Treatment of oxycodone overdosage: primary attention should be given to the establishment of a patent airway and institution of assisted or controlled ventilation. The pure opioid antagonists such as naloxone are specific antidotes against symptoms from opioid overdose. Other supportive measures should be employed as needed.
In the case of massive overdosage, administer naloxone intravenously (0.4 to 2 mg for an adult and 0.01 mg/kg body weight for children), if the patient is in a coma or respiratory depression is present.
Repeat the dose at 2 minute intervals if there is no response. If repeated doses are required then an infusion of 60% of the initial dose per hour is a useful starting point. A solution of 10 mg made up in 50 ml dextrose will produce 200 micrograms/ml for infusion using an IV pump (dose adjusted to the clinical response). Infusions are not a substitute for frequent review of the patient’s clinical state.
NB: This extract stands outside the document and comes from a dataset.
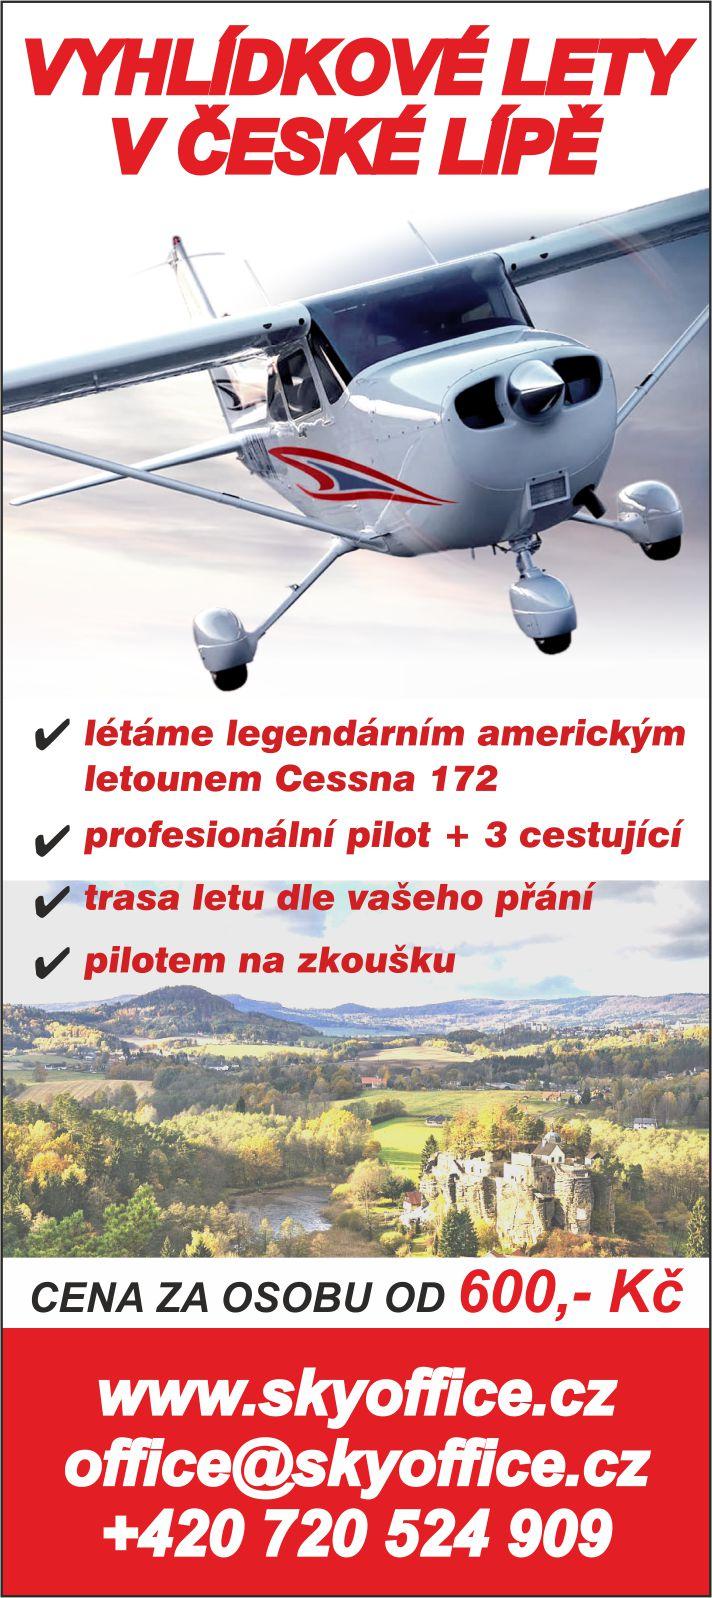 vyhlídkové lety

Intramuscular naloxone is an alternative in the event IV access is not possible. As the duration of action of naloxone is relatively short, the patient must be carefully monitored until spontaneous respiration is reliably established. Naloxone is a competitive antagonist and large doses (4 mg) may be required in seriously poisoned patients.
For less severe overdosage, administer naloxone 0.2 mg intravenously followed by increments of 0.1 mg every 2 minutes if required.
Naloxone should not be administered in the absence of clinically significant respiratory or circulatory depression secondary to oxycodone overdosage. Naloxone should be administered cautiously to persons who are known, or suspected, to be physically dependent on oxycodone. In such cases, an abrupt or complete reversal of opioid effects may precipitate pain and an acute withdrawal syndrome.
Additional/other considerations:
– Consider activated charcoal (50 g for adults, 10-15 g for children), if a substantial amount has been ingested within 1 hour, provided the airway can be protected.
– Gastric contents may need to be emptied as this can be useful in removing unabsorbed drug.